L'air était immobile, le ciel glauque, terne, froid comme une tôle
mate. Il ne restait rien de ce que j'avais vu, de ce que j'avais imaginé
sur la terre, et mon âme épouvantée d'être vivante
fuyait avec horreur une solitude plus immense , une obscurité
plus profonde que la solitude et l'obscurité du néant. Mais
cet asile que je cherchais, je ne le trouvais pas. Je m'élevais comme
le papillon de nuit qui a nouvellement brisé ses langes mystérieux
pour déployer le luxe inutile de sa parure pourpre, d'azur et d'or.
S'il aperçoit de loin la croisée du sage qui veille en écrivant
à la lueur d'une lampe de peu de valeur, ou d'une jeune épouse
dont le mari s'est oublié à la chasse, il monte, il cherche
à se fixer, bat le vitrage en frémissant, s'éloigne,
roule, bourdonne, et tombe en chargeant la talc transparent de toute la
poussière de ses ailes fragiles.
C'est ainsi que je battais des mornes ailes que le trépas m'avait
donné les voûtes d'un ciel d'airain, qui ne me répondait
que par un sourd retentissement, et je redescendais en planant en rond autour
du socle solitaire, du socle que ma bouche mourante venait d'effleurer d'un
sourire et d'un baiser d'adieu. Le socle n'était plus vide. Un autre
homme venait d'y appuyer sa tête, sa tête renversée en
arrière, et son cou montrait à mes yeux la trace de la blessure,
la cicatrice triangulaire du fer de lance qui me ravit Polémon au
siège de Corinthe. Ses cheveux ondoyants roulaient leurs boucles
dorées autour du bloc sanglant : mais Polémon, tranquille
et les paupières abattues, paraissait dormir d'un sommeil heureux.

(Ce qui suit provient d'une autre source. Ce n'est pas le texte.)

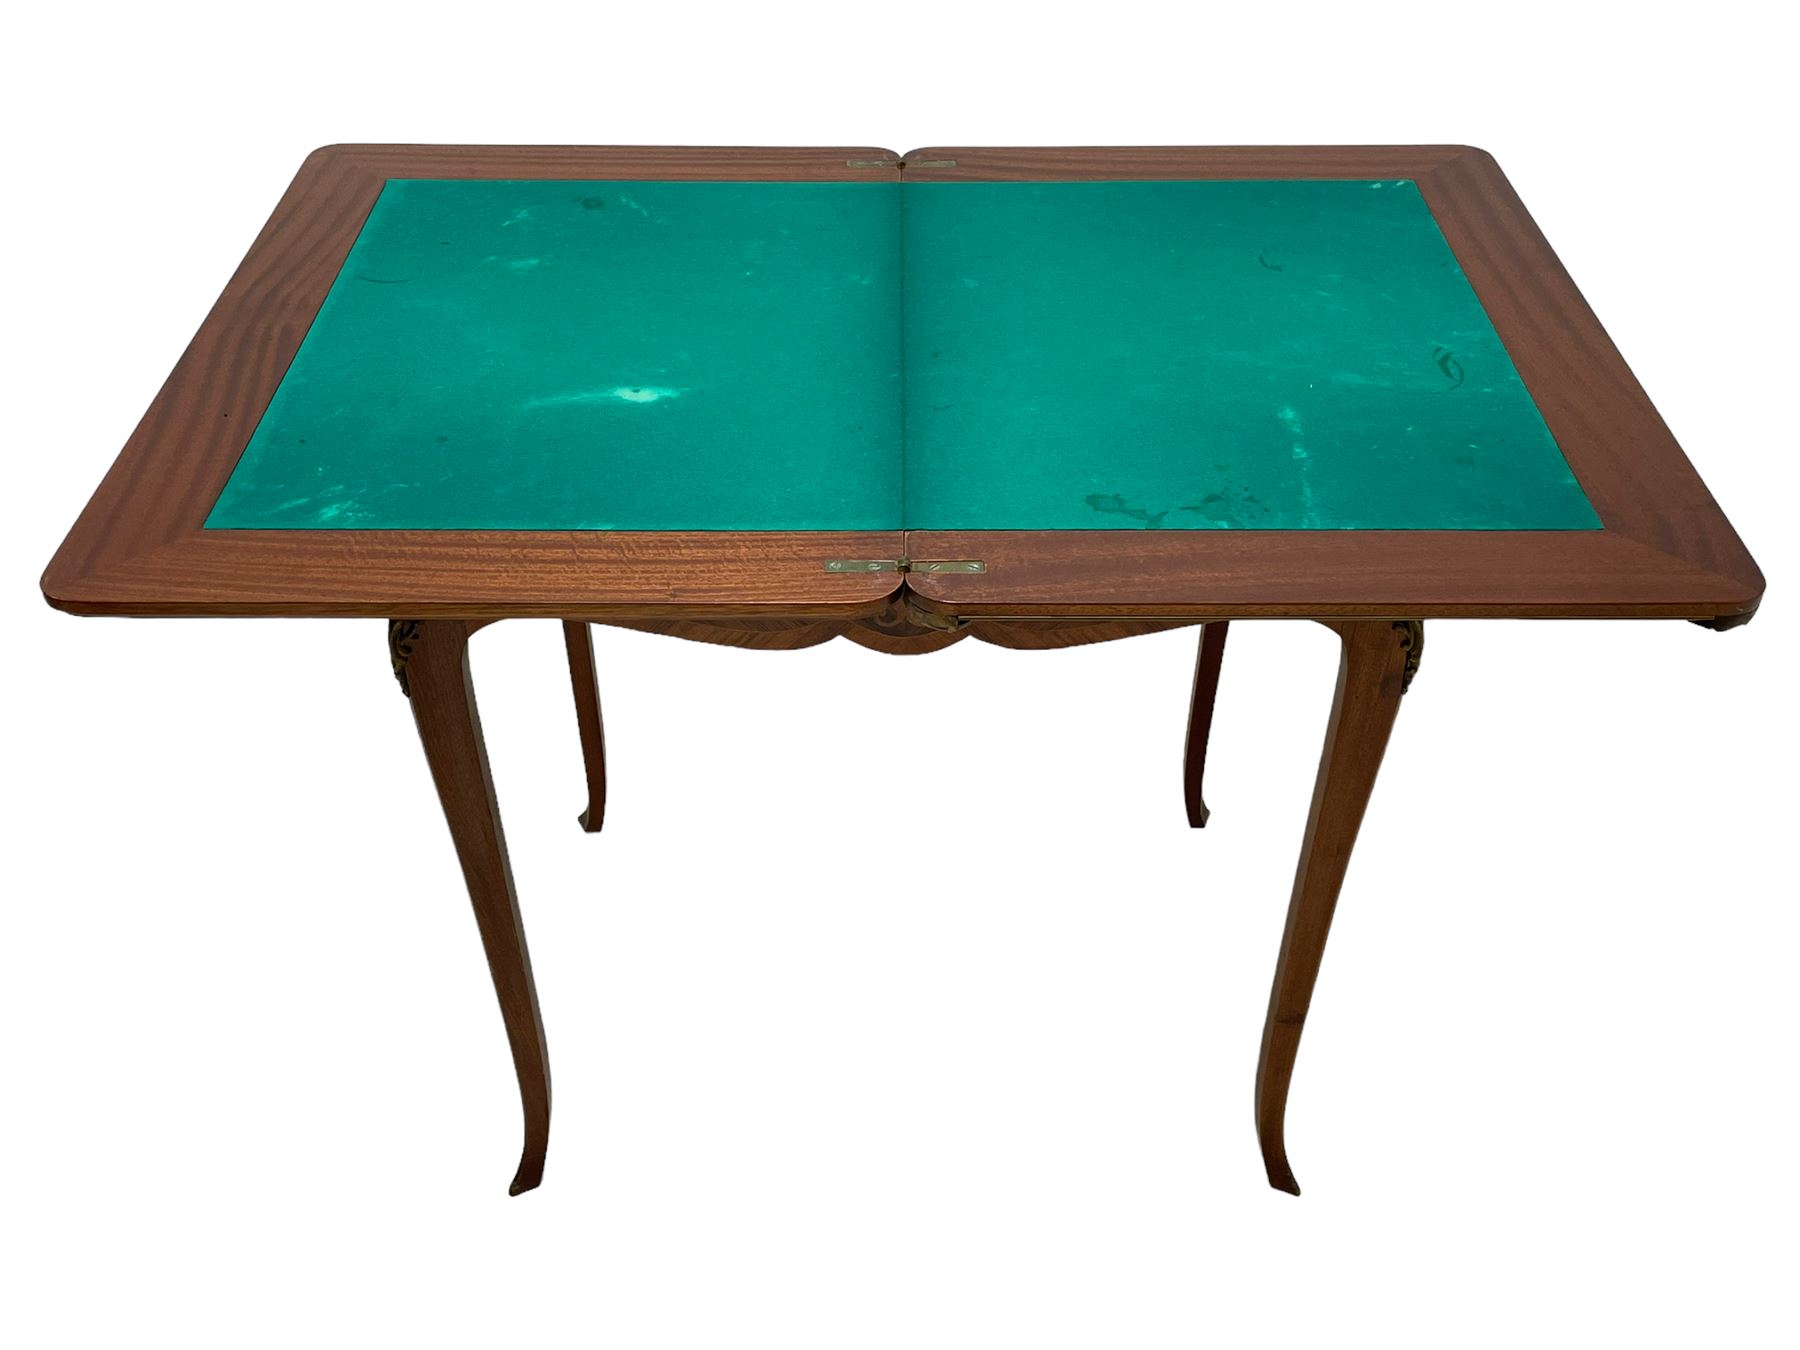 Mid-20th century Kingwood and rosewood card or games table - Image 9 of 10

Quelque sourire qui n'était pas celui de la terreur volait sur ses
lèvres épanouies, et appelait de nouveaux chants de Myrthé,
ou de nouvelles caresses de Thélaïre. Aux traits du jour pâle
qui commençait à se répandre dans l'enceinte de mon
palais, je reconnaissais à des formes encore un peu indécises
toutes les colonnes et tous les vestibules, parmi lesquels j'avais vu se
former pendant la nuit les danses funèbres des mauvais esprits. Je
cherchais Myrthé ; mais elle avait quitté sa harpe, et, immobile
entre Thélaïre et Théis, elle arrêtait un regard
morne et cruel sur le guerrier endormi. Tout à coup au milieu d'elles
s'élança Méroé : l'aspic d'or qu'elle avait
détaché de son
bras sifflait en glissant sous les voûtes ; le rhombus retentissant
roulait et grondait dans l'air ; Smarra convoqué pour le départ
des songes du matin, venait réclamer la récompense promise
par la reine des terreurs nocturnes, et palpitait auprès d'elle d'un
hideux amour en faisant bourdonner ses ailes
avec tant de rapidité, qu'elle n'obscurcissaient pas du moindre nuage
la transparence de l'air.
- Théis, et Thélaïre, et Myrthé dansaient échevelées
et poussaient des hurlements de joie. Près de moi d'horribles enfants
aux cheveux blancs, au front ridé, à l'oeil éteint,
s'amusaient à m'enchaîner sur mon lit des plus fragiles réseaux
de l'araignée qui jette son filet perfide à l'angle de deux
murailles contiguës pour y surprendre un pauvre papillon égaré.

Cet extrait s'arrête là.